Please give all of the data again, character for character, and drop the pictures.

» **Data shown**
• • • •

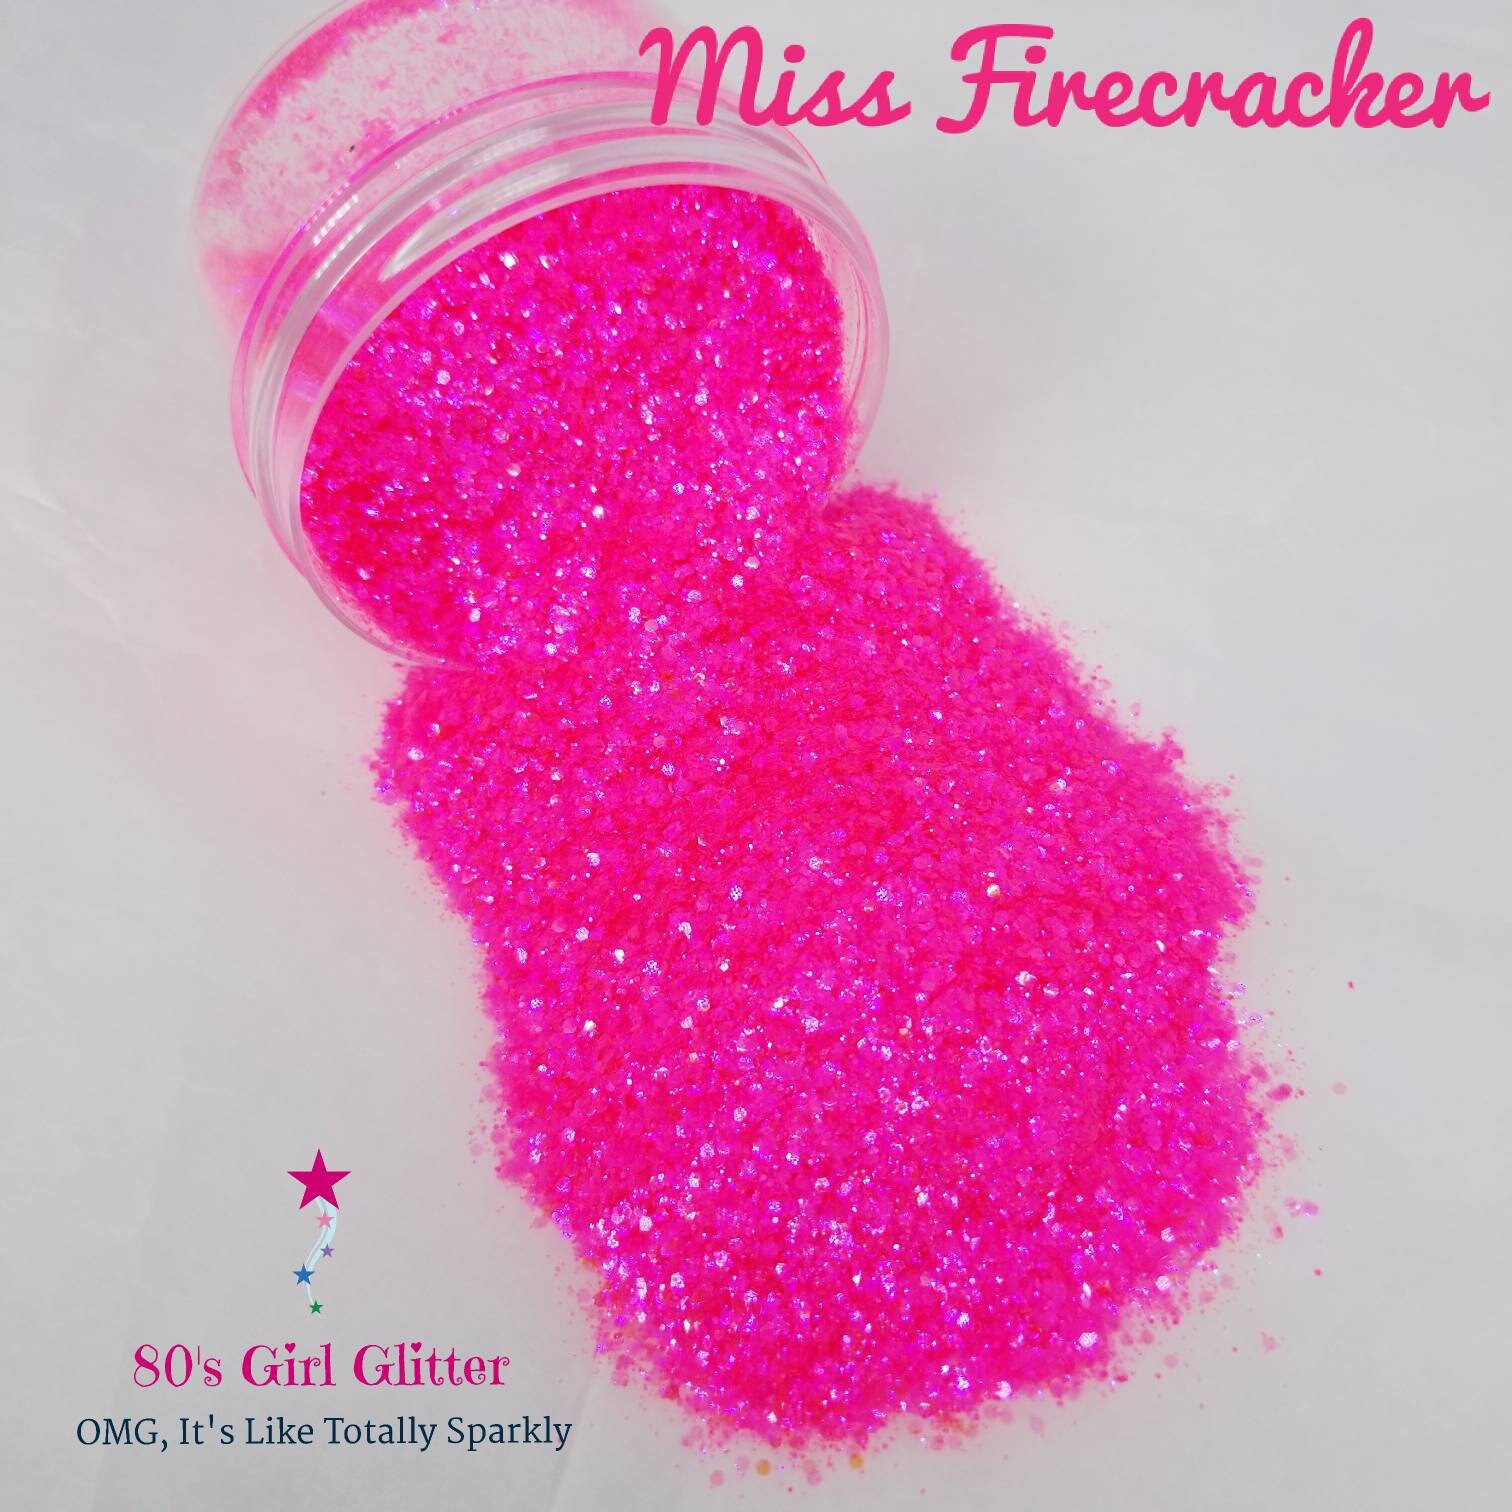 Fine GLITTER 12x12 FLAMING Neon Hot PINK w/tiny black spots applied to  Leather THiCK 5.5oz/2.2 mm PeggySueAlso® E4355-41 Valentines Day
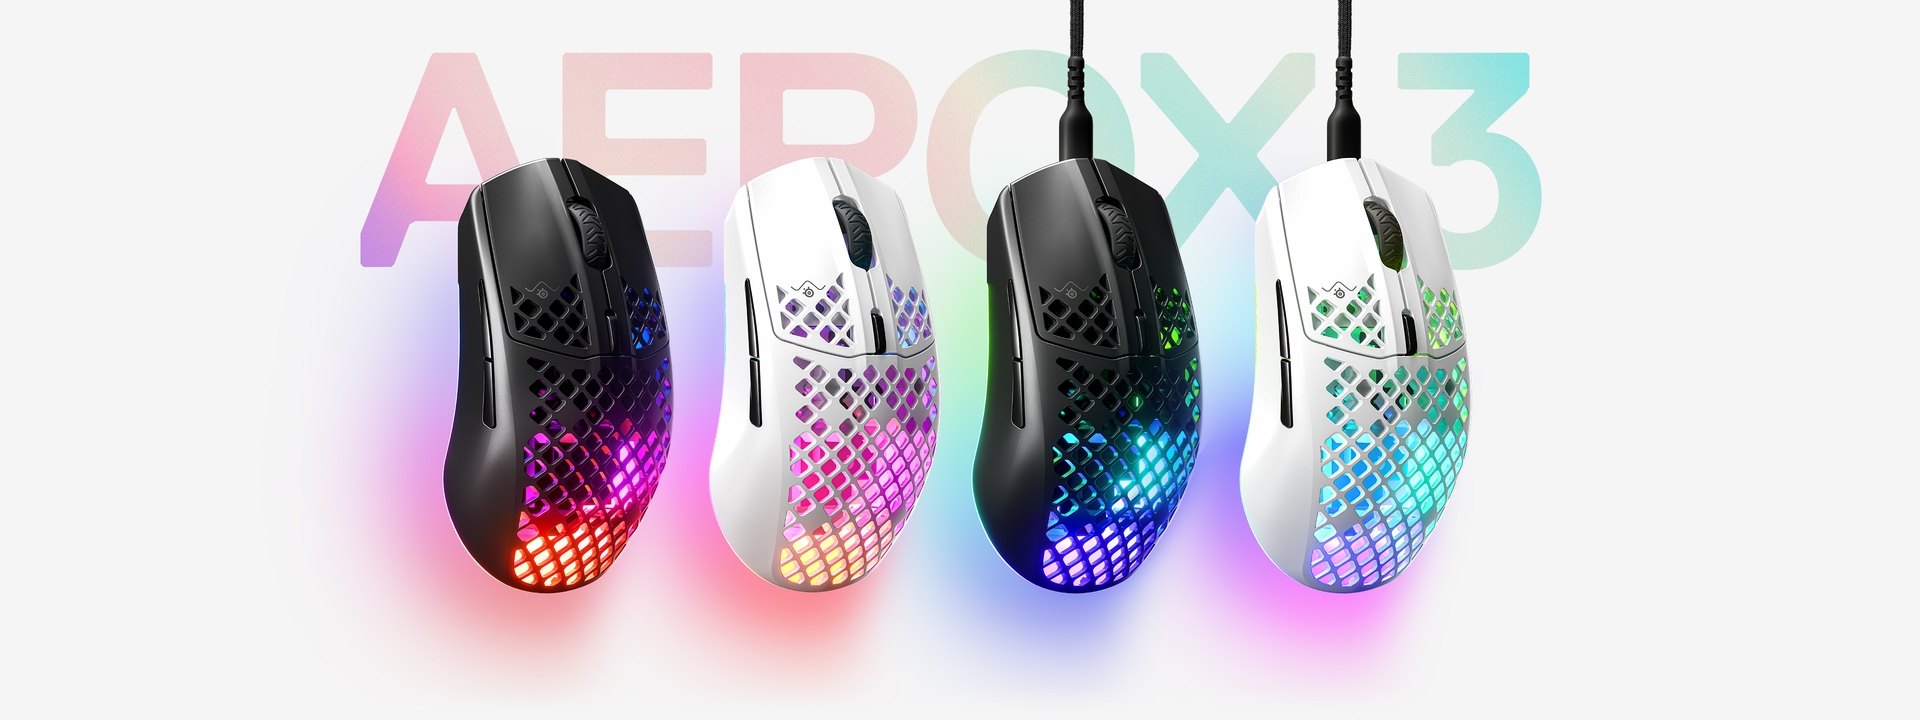 Lineup of all the Aerox 3 mice, with RGB illuminating through the holes of the mice. Text behind the mice reads, "Aerox 3".
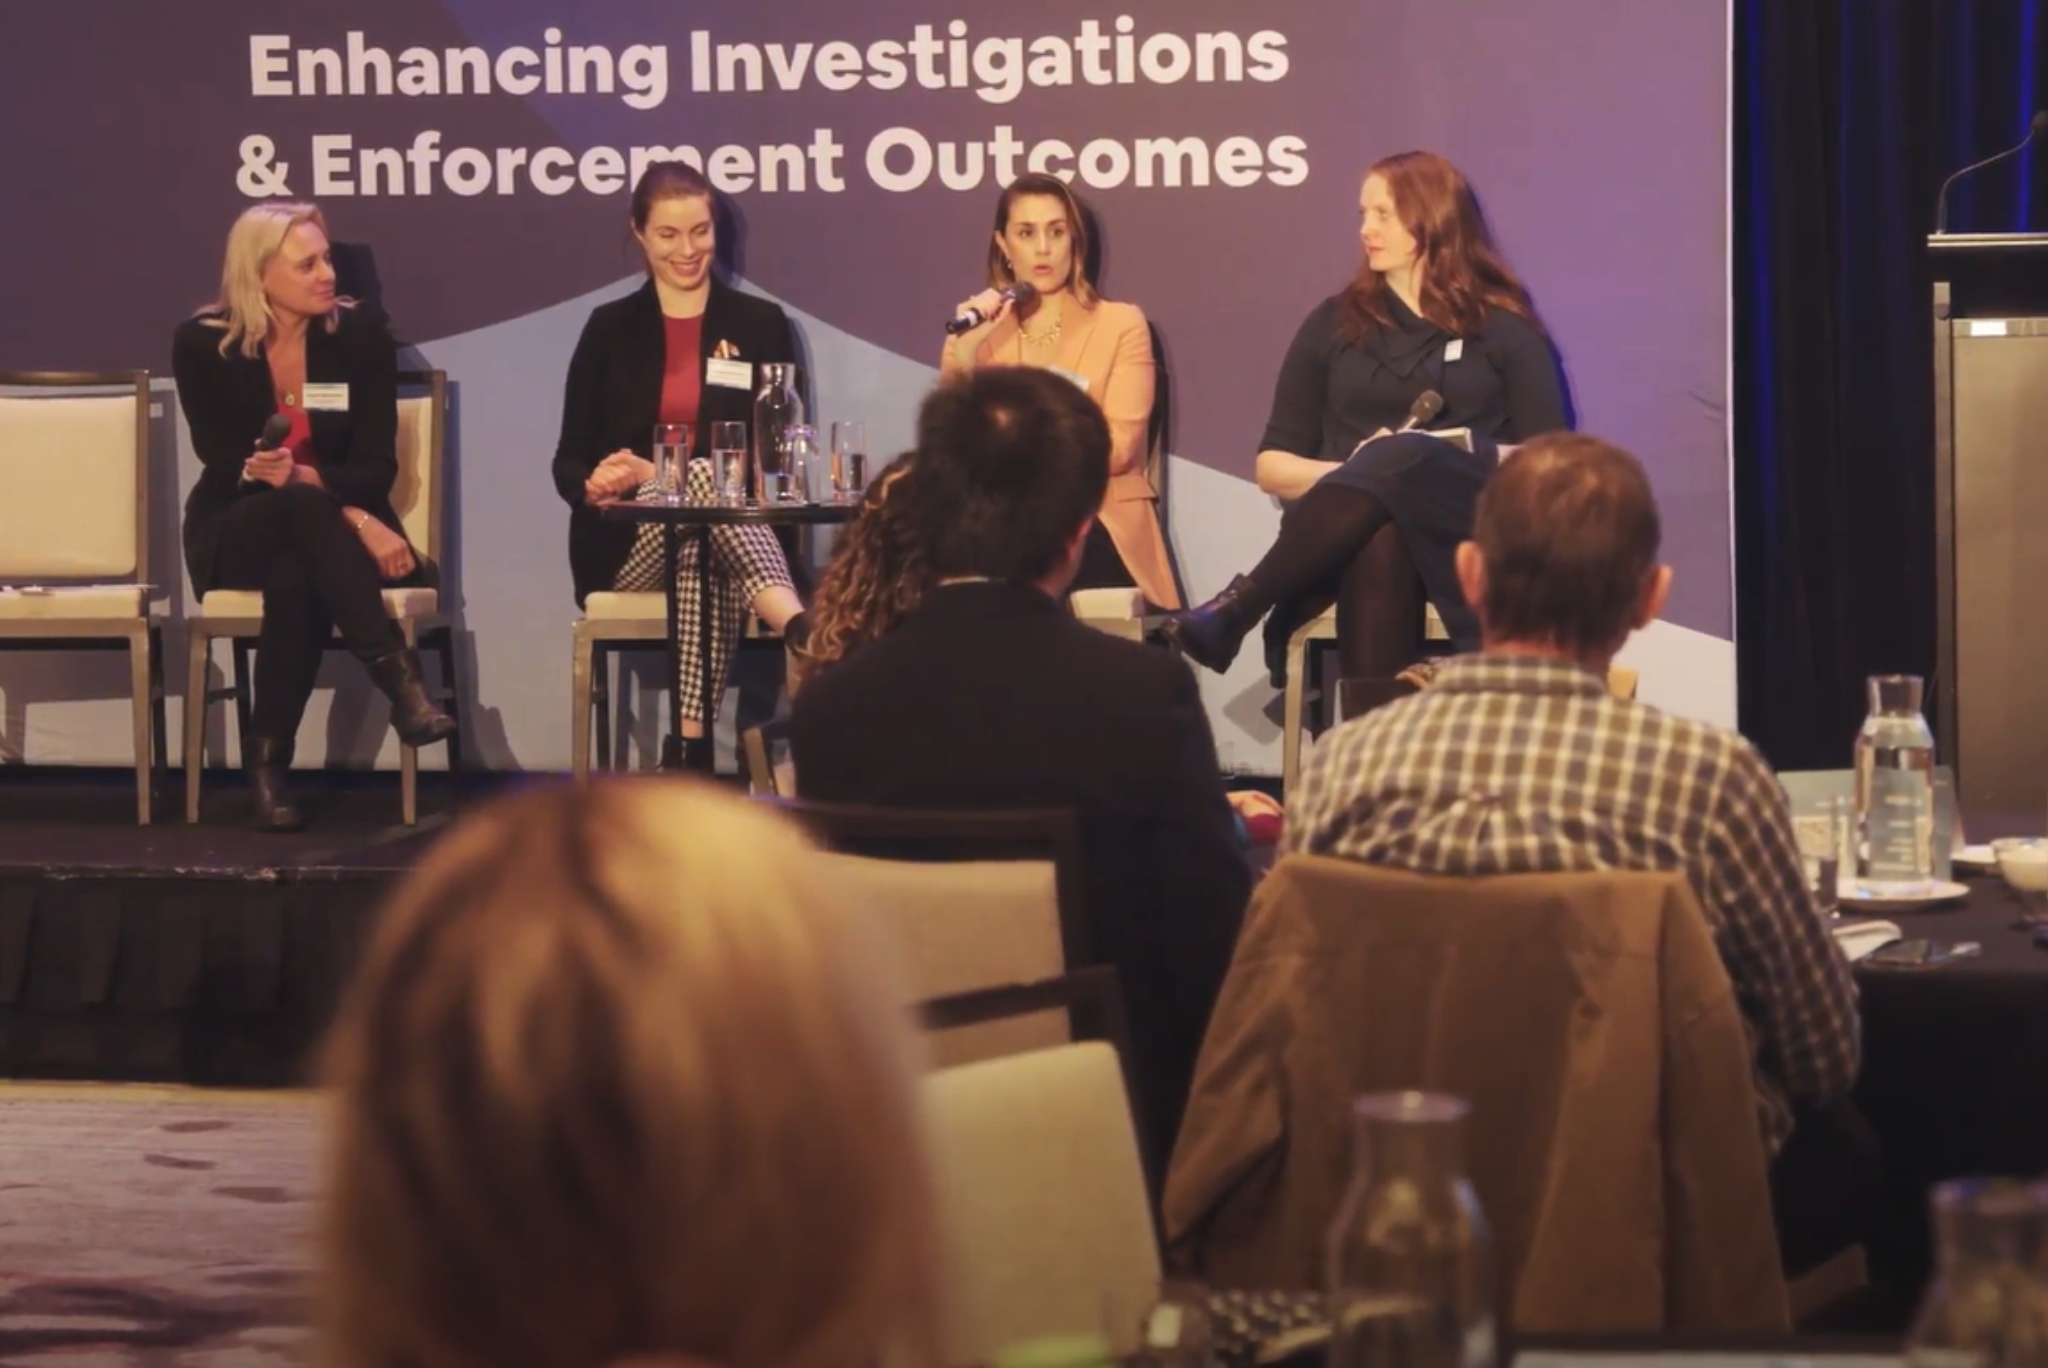 Enhancing Investigations – Panel Discussion 4 people
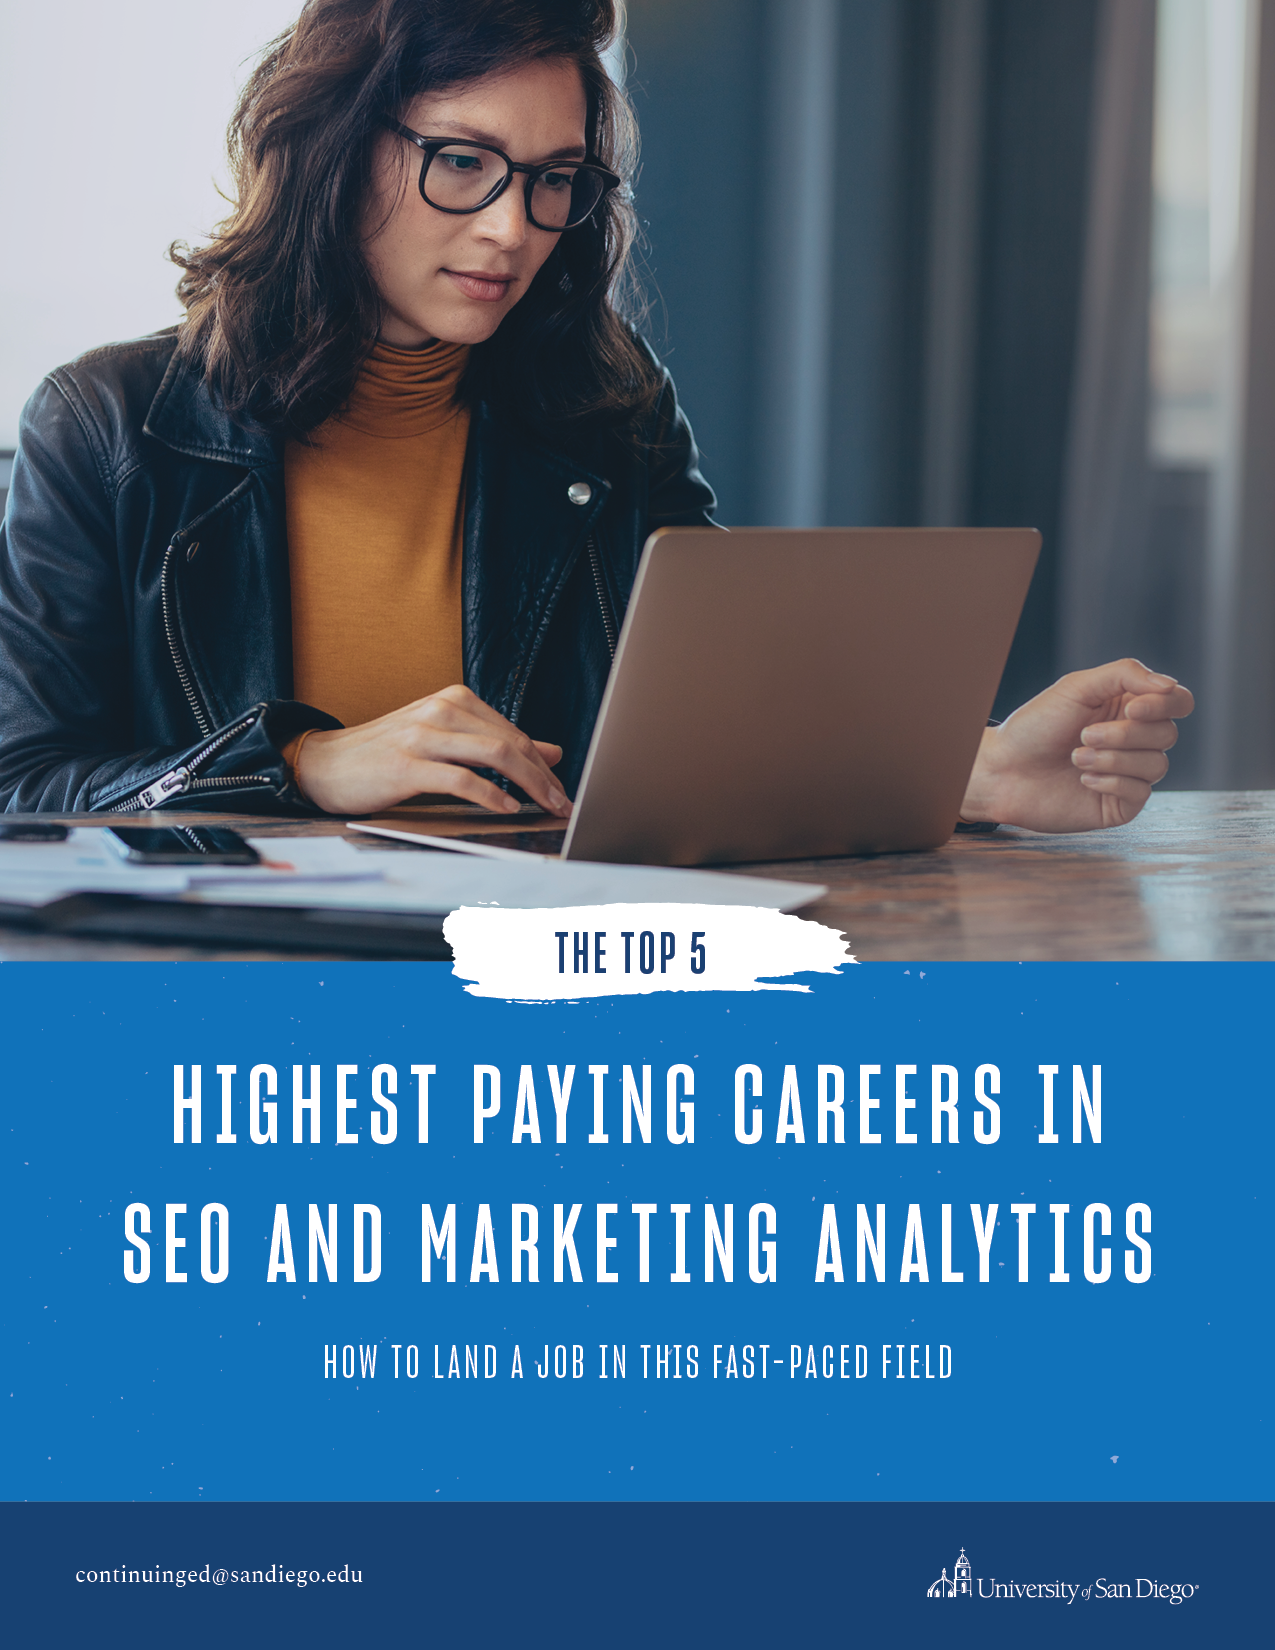 The 5 Highest Paying Careers in SEO and Marketing Analytics

• • • •

» **Your response**
 Fine GLITTER 12x12 FLAMING Neon Hot PINK w/tiny black spots applied to  Leather THiCK 5.5oz/2.2 mm PeggySueAlso® E4355-41 Valentines Day
 Lineup of all the Aerox 3 mice, with RGB illuminating through the holes of the mice. Text behind the mice reads, "Aerox 3".
 Enhancing Investigations – Panel Discussion 4 people
 The 5 Highest Paying Careers in SEO and Marketing Analytics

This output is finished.